Let’s begin with the most basic element of your Profile: your name. If your name includes diacritics, ligatures, or even apostrophes, Google Scholar may be missing citations to your work. (Sorry, O’Connor!) And if you have a common name, it’s likely you’ll end up with others’ publications in your Profile, which you are unfortunately responsible for identifying and removing. (We’ll cover how to do that in our next post.)

Now, what about the quality of citations? Google Scholar claims to pull citations from anywhere on the scholarly web into your Profile, but their definition of “the scholarly web” is less rigorous than many people realize. For example, our co-founder, Heather, has citations on her Google Scholar Profile for a Friendfeed post. And others have found Google Scholar citations to their work in student handbooks and LibGuides–not the worst places you can get a cite from, but still: Nature they ain’t.

Google Scholar citations are also, like any metric, susceptible to gaming. But whereas organizations like PLOS and Thomson Reuters’ Journal Citation Index will flag and ban those found to be gaming the system, Google Scholar does not respond quickly (if at all) to reports of gaming. And as researchers point out, Google’s lack of transparency with respect to how data is collected means that gaming is all the more difficult to discover.

The service also misses citations in a treasure-trove of scholarly material that’s stored in institutional repositories. Why? Because Google Scholar won’t harvest information from repositories in the format that repositories across the world tend to use (Dublin Core).

Google Scholar Profile data is far from perfect, but that’s a small problem compared to the next issue.

2. Google Scholar Profiles may not last

Remember Google Reader? Google has a history of killing beloved products when the bottom line is in question.  It’s not exaggerating to say that Google Scholar Profiles could literally go away at any moment.

To me, it’s not unlike the problem of monoculture in agriculture. Monoculture can be a good thing. For those unfamiliar with the term, monoculture is when farmers identify the most powerful species of a crop–the one that is easiest to grow and yields the best harvest year after year–and then grow that crop exclusively.

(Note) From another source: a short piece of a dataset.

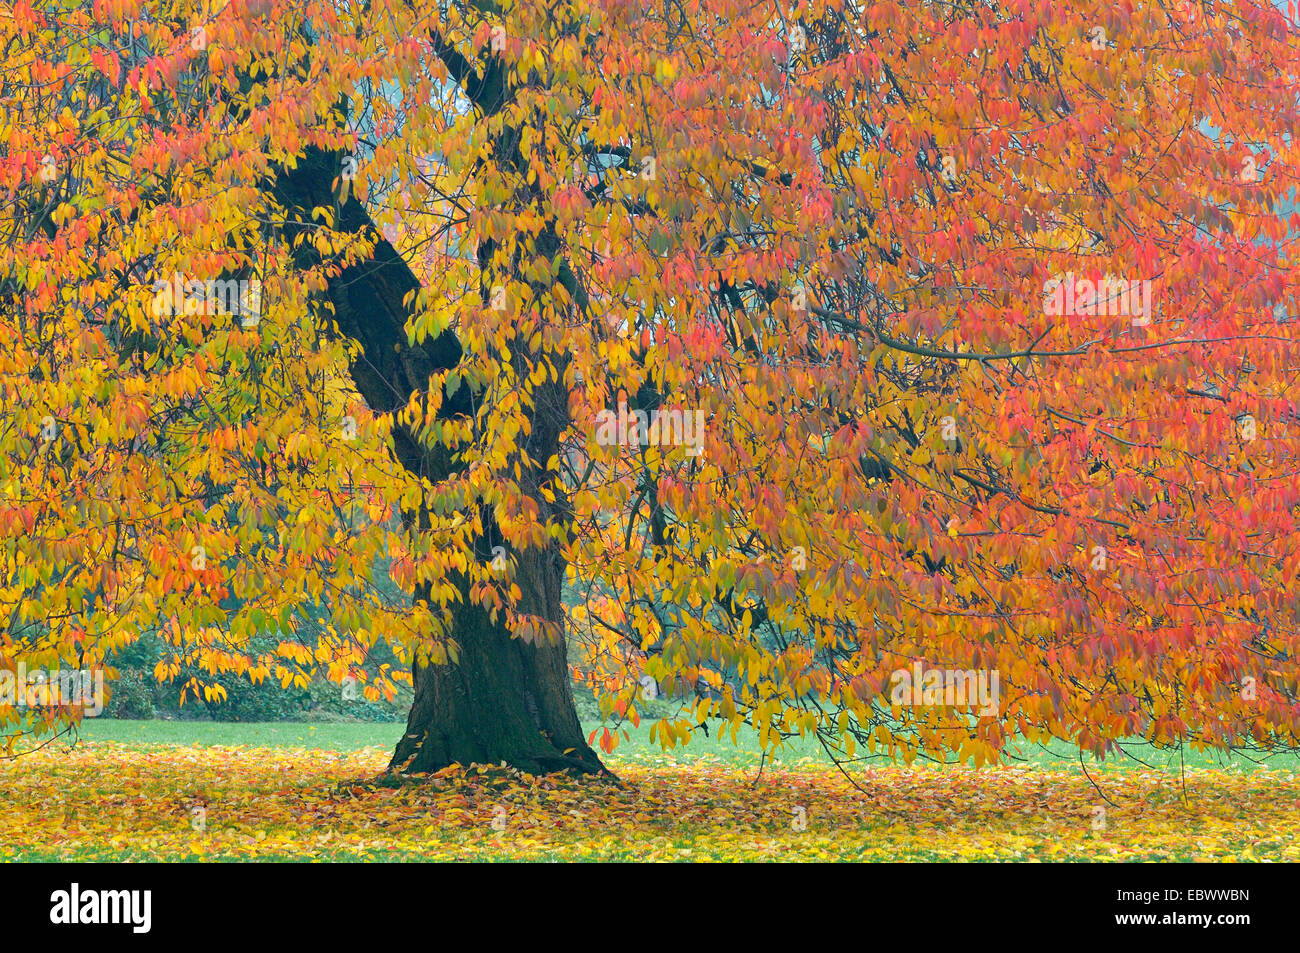 Wild cherry, Sweet cherry, gean, mazzard (Prunus avium), cherry tree in autumn, Germany Stock Photo

Google Scholar Profiles were, for a long time, the most easy to use and powerful citation reports available to scholars, and so Google Scholar has become one of the most-used platforms in academia.

But monoculture is also risky. Growing only one species of a crop can be catastrophic to a nation’s food supply if, for example, that species were wiped out by blight one year. Similarly, academia’s near-singular dependence on Google Scholar Profile data could be harmful to many if Google Scholar were to be shelved.

3. Google Scholar Profiles won’t allow itself to be improved upon

Other issues aside, it’s worth acknowledging that Google Scholar Profiles are very good at doing one thing: finding citations on the scholarly web. But that’s pretty much all they do, and Google is actively preventing anyone else from improving upon their service.

It’s been pointed out before that the lack of a Google Scholar API means that no one can add value to or improve the tool. That means that services like Impactstory cannot include citations from Google Scholar on Impactstory, nor can we build upon Google Scholar Profiles to find and display metrics beyond citations or automatically push new publications to Profiles. Based on the number of Google Scholar-related help tickets we receive, this lack of interoperability is a major pain point for researchers.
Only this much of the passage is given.